Таким образом, на ранней стадии развития культуры исповедь в грехах представляет собой скорее телесный, чем моральный и духовный аспект очищения. Это больше магический, чем религиозный обряд, и как таковой он напоминает обряды мытья, чистки, окуривания и т. д., которые так же применяются многими примитивными народами для очищения от того, что мы рассматриваем как моральную вину, но что они рассматривают скорее как телесное загрязнение или инфекцию, которая может быть удалена физическими средствами – огнем, водой, голодом, применением слабительного, нанесением ссадин, скарификацией и т. д. Но когда бремя греха перестает рассматриваться как нечто материальное, как некий привязчивый пар смерти, а воспринимается как нарушение воли мудрого и благого Бога, то очевидно, что соблюдение этих внешних обрядов очищения становится излишним и нелепым, показным действием, не способным умиротворить гнев оскорбленного божества. Единственным средством отвращения его гнева и предотвращения роковых последствий греха теперь считается смиренная исповедь и истинное покаяние грешника. На этом этапе этической эволюции исповедь теряет свой прежний магический характер телесного очищения и приобретает новый облик чисто религиозного ритуала, умилостивления великого сверхприродного и высоконравственного существа, которое простым словом может простить проступок и вернуть грешника к состоянию первозданной невинности. Эта удобная доктрина учит нас, что, для того чтобы уничтожить последствия наших проступков, нам достаточно признать и исповедовать их со смиренным и покаянным сердцем и тогда милосердный Бог милостиво простит наш грех и освободит от его последствий. Для всего мира было бы хорошо, если бы мы могли так легко исправить прошлое, если бы мы могли вспомнить неправильно сказанные слова, если бы мы могли отсечь длинный шлейф, который, как орда мстительных фурий, следует за каждым злым поступком. Но это невозможно. Наши слова и поступки, хорошие и плохие, имеют свои естественные, неизбежные последствия. Бог может простить грех, но природа – нет.

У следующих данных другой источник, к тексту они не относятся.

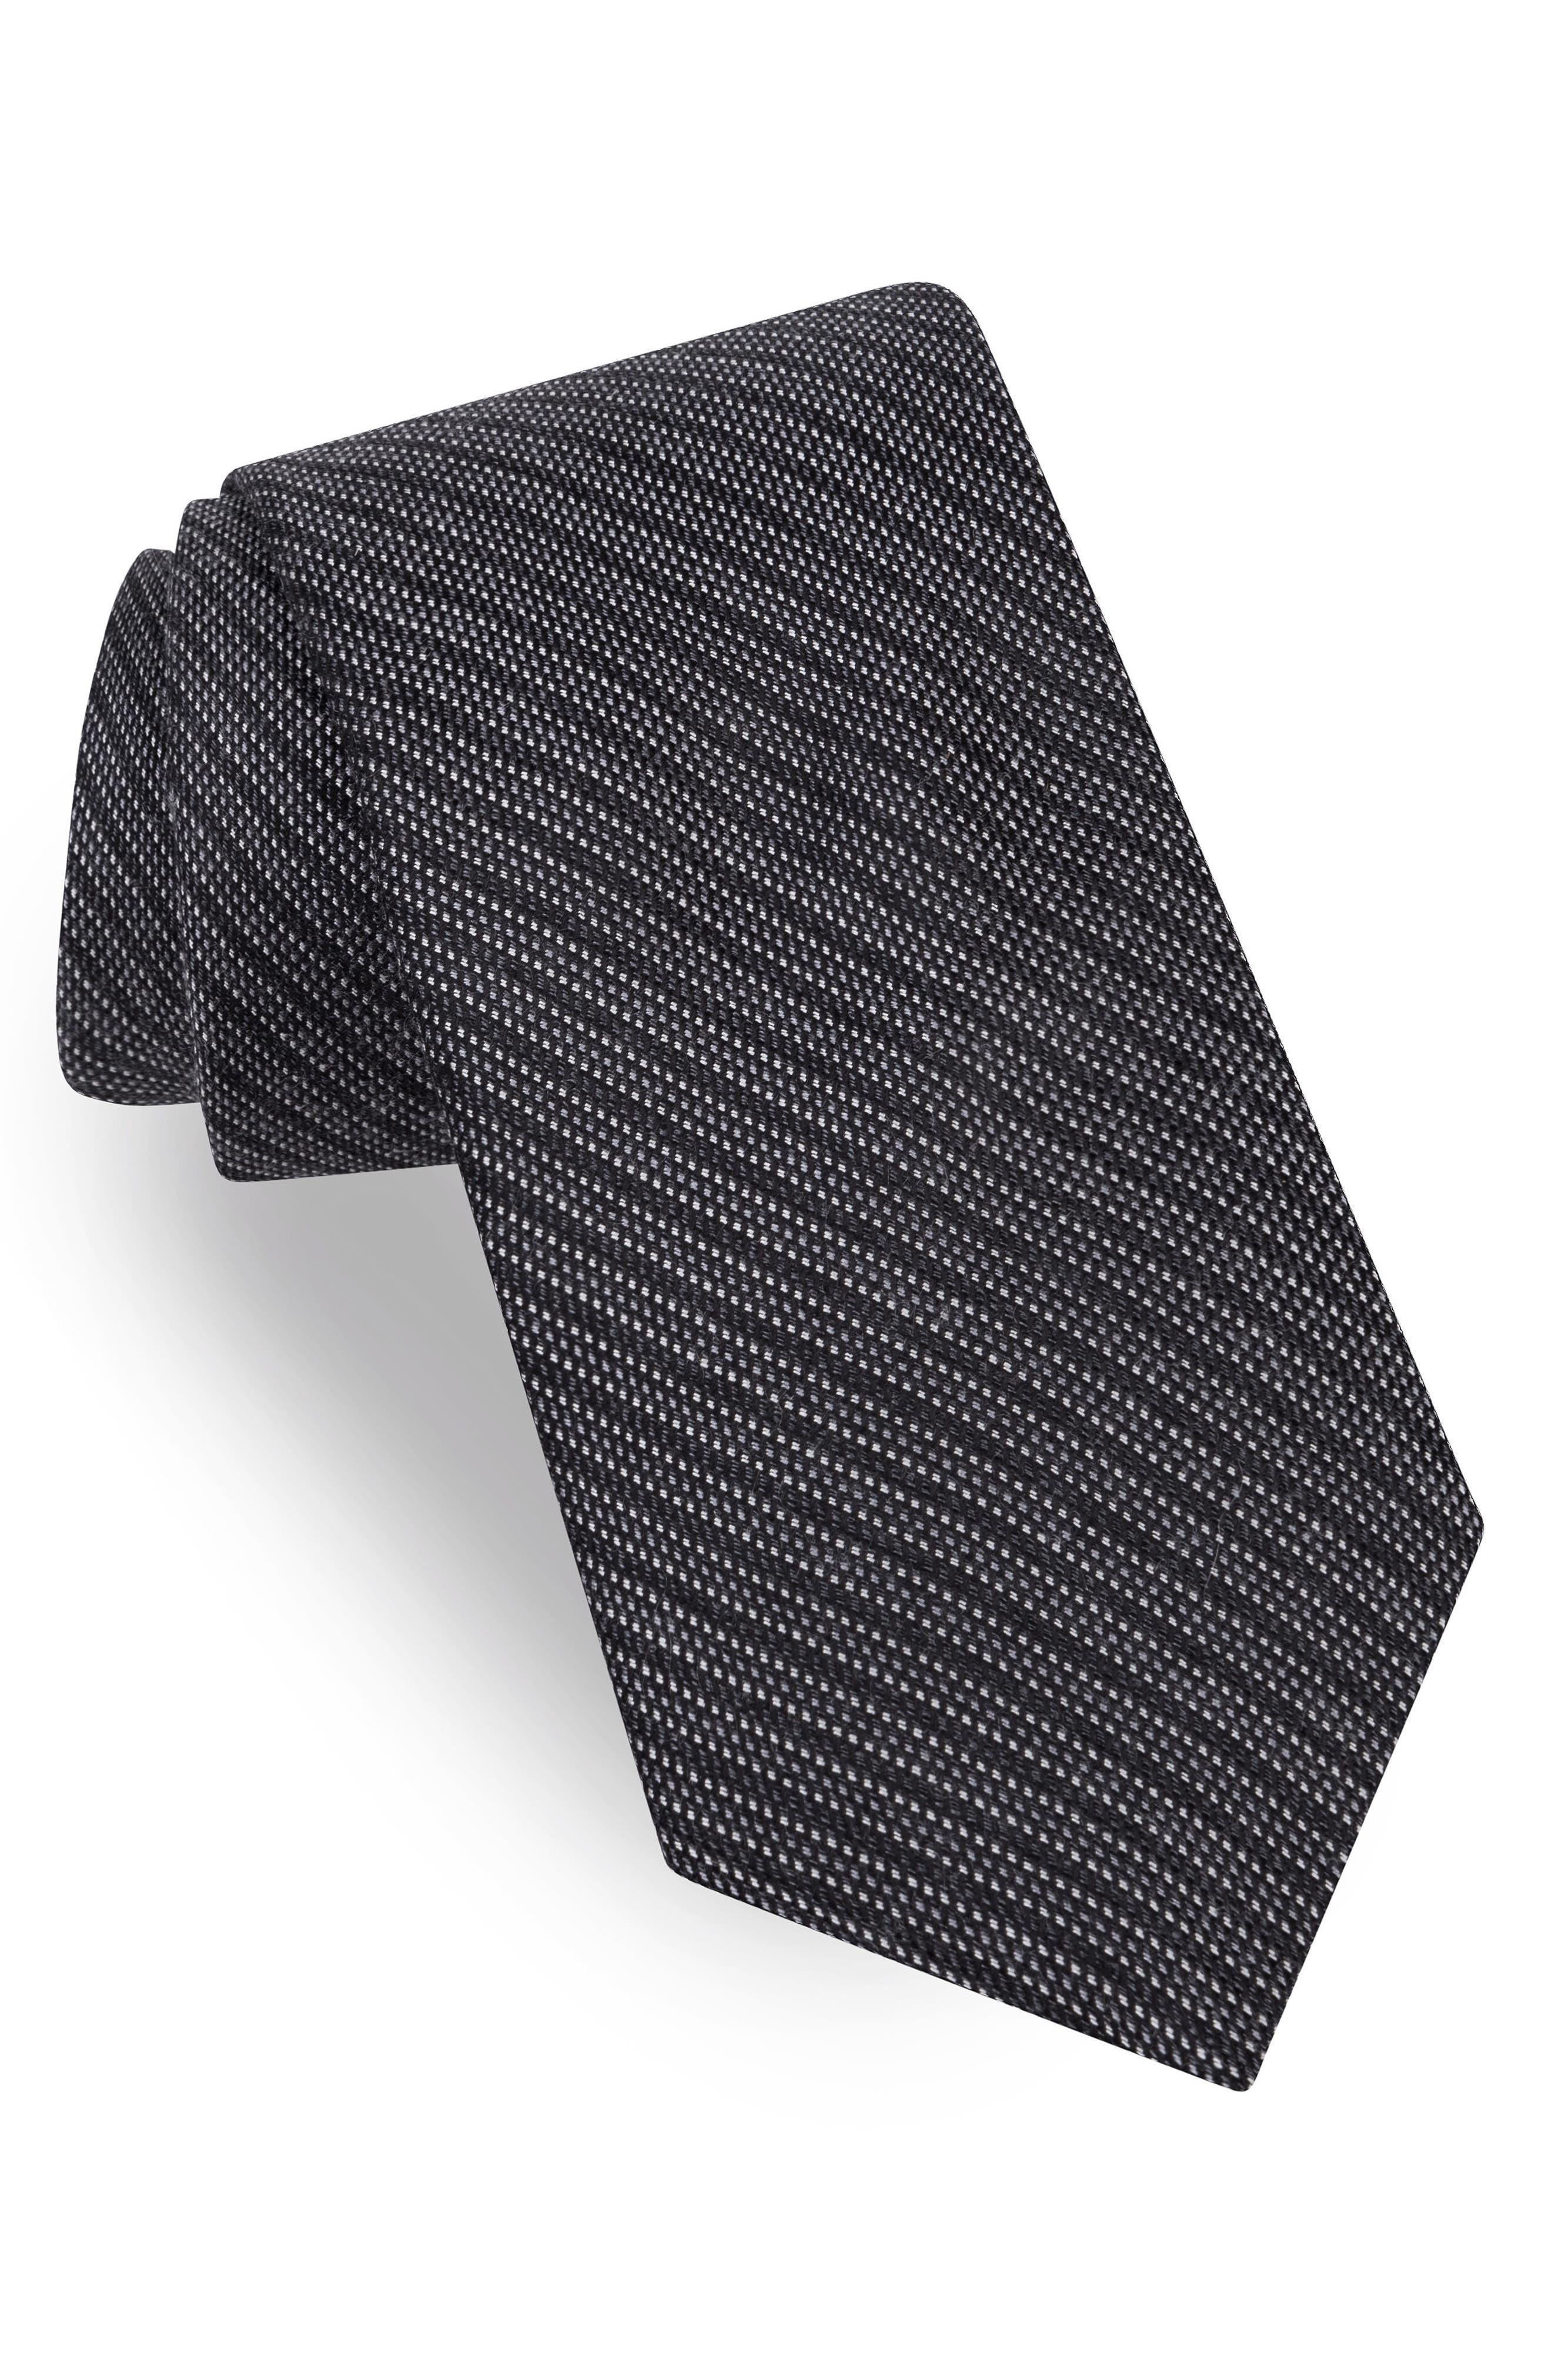 Alternate Image 1 Selected - Ted Baker London West End Wardrobe Silk Tie

CXXXI. Постоянство суеверий
Если проанализировать суеверные представления, которых молчаливо, но твердо придерживаются многие наши соотечественники, то, возможно, к своему удивлению, мы обнаружим, что именно самые древние и грубые суеверия наиболее живучи, а взгляды, хотя и ошибочные, но более современные и утонченные, быстро исчезают из народной памяти. Например, верховные боги Египта и Вавилона, Греции и Рима уже давно забыты народом и сохранились только в ученых книгах, но крестьяне, никогда не слышавшие об Исиде и Осирисе, Аполлоне и Артемиде, Юпитере и Юноне, по сей день сохраняют твердую веру в ведьм и фей, в призраков и хобгоблинов, в те низшие мифические существа, в которые их отцы верили задолго до появления великих божеств древнего мира и в которые, судя по всему, их потомки будут верить еще долго после того, как великие божества современности отправятся в забытье вслед за предшественниками. Причина, по которой высшие формы суеверий или религии (ибо религия одного поколения склонна становиться суеверием следующего) менее постоянны, чем низшие, заключается в том, что высшие верования, будучи порождением высшего разума, мало задерживаются в сознании простых людей, которые номинально исповедуют их некоторое время в соответствии с волей своих ставленников, но легко забывают их, как только эти верования выходят из моды среди образованных классов. Но если они безропотно отбрасывают те предметы веры, которые лишь поверхностно запечатлелись в их сознании под влиянием культурного окружения, то невежественные и глупые люди с угрюмой решимостью держатся за гораздо более грубые убеждения, которые действительно отвечают более грубой структуре их интеллекта. Таким образом, в то время как декларируемое вероучение просвещенного меньшинства постоянно меняется под влиянием достижений мысли, реальное, хотя и не декларируемое, вероучение основной массы человечества представляется почти неизменным, и причина его незначительных изменений заключается в том, что у большинства людей, будь то дикари или внешне цивилизованные сообщества, интеллектуальный прогресс идет столь медленно, что едва уловим. Поверхность общества, как и море, находится в вечном движении, а его глубины, подобно океанским, остаются почти неподвижными.
CXXXII. Древние арии
Вряд ли стоит повторять, поскольку это еще не получило всеобщего признания, что народные суеверия и обычаи крестьянства, несмотря на их фрагментарный характер, являются наиболее полным и достоверным свидетельством древней религии ариев, которым мы располагаем. Действительно, древние арии, во всем, что касается их психики и структуры, не вымерли. Они живут среди нас и по сей день. Великие интеллектуальные и нравственные силы, которые произвели революцию в образованном мире, почти не затронули крестьянина. По своим внутренним убеждениям он такой же, каким были его предки в те времена, когда еще росли леса и белки резвились на земле, где сейчас стоят Рим и Лондон.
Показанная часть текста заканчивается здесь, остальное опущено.